I HAD heard of Andalucia’s second spring but not paid much attention, semiconsciously filing it away in the mental drawer where curiosities such as the Gulf Stream’s effect on Ullapool are stored. A more methodical person might label this drawer “Questionable phenomena to be taken with a pinch of sea salt” . . .
There might be a sound scientific basis to some of these things, but ever since my father whisked our family to the north-west of Scotland during the 1960s, in a primrose yellow Anglia Estate, I have come across numerous examples of tourist destinations between Cape Wrath and Cornwall attributing their temperate microclimates – and therefore their suitability as holiday hotspots – to the effects of the Gulf Stream.

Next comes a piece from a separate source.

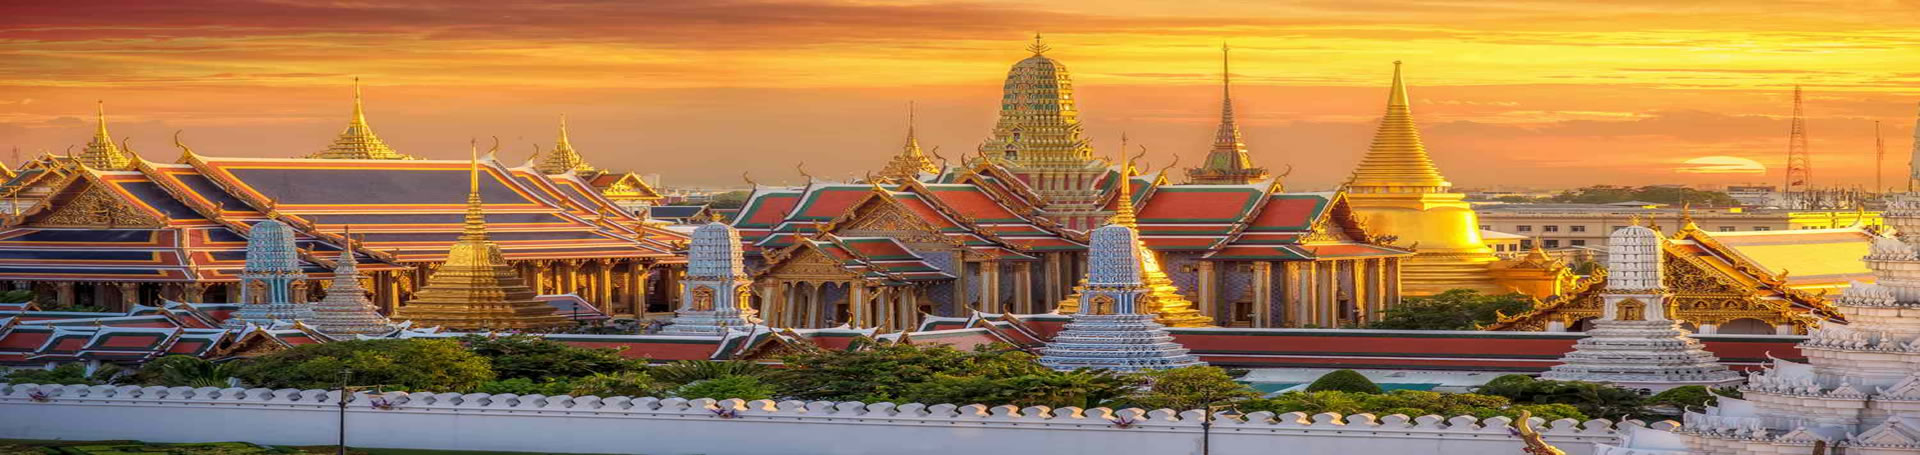 نمای کاخ بزرگ بانکوک

Andalucia’s second spring sounded like a similar marvel – a sort of burning bush and garden of Eden rolled into one, so into the drawer it went. And there it would have stayed.
But . . .
The second spring has suddenly sprung. I am mightily impressed – as well as a tiny bit abashed at my haste to dismiss it so readily.
When we arrived in Andalucia in July, the earth was a vast, semi-parched deadness. Now, following a couple of boisterous thunderstorms and a cooling of temperatures, brown grasses are suddenly a rich Irish green and birds are singing. I need to ring someone in Ullapool to ask if coconuts are being washed up on the tideline.
The second spring is strangely entrancing because it is accompanied by autumn colours and ripening fruits. The grass might be green but the leaves of certain trees are turning gold and brown. Plump olives are mutating through shades of red and black. Oranges are changing from green to, well, orange.
And that’s the phenomenon of Andalucia’s second spring. It actually exists. Perhaps it’s caused by the Gulf Stream.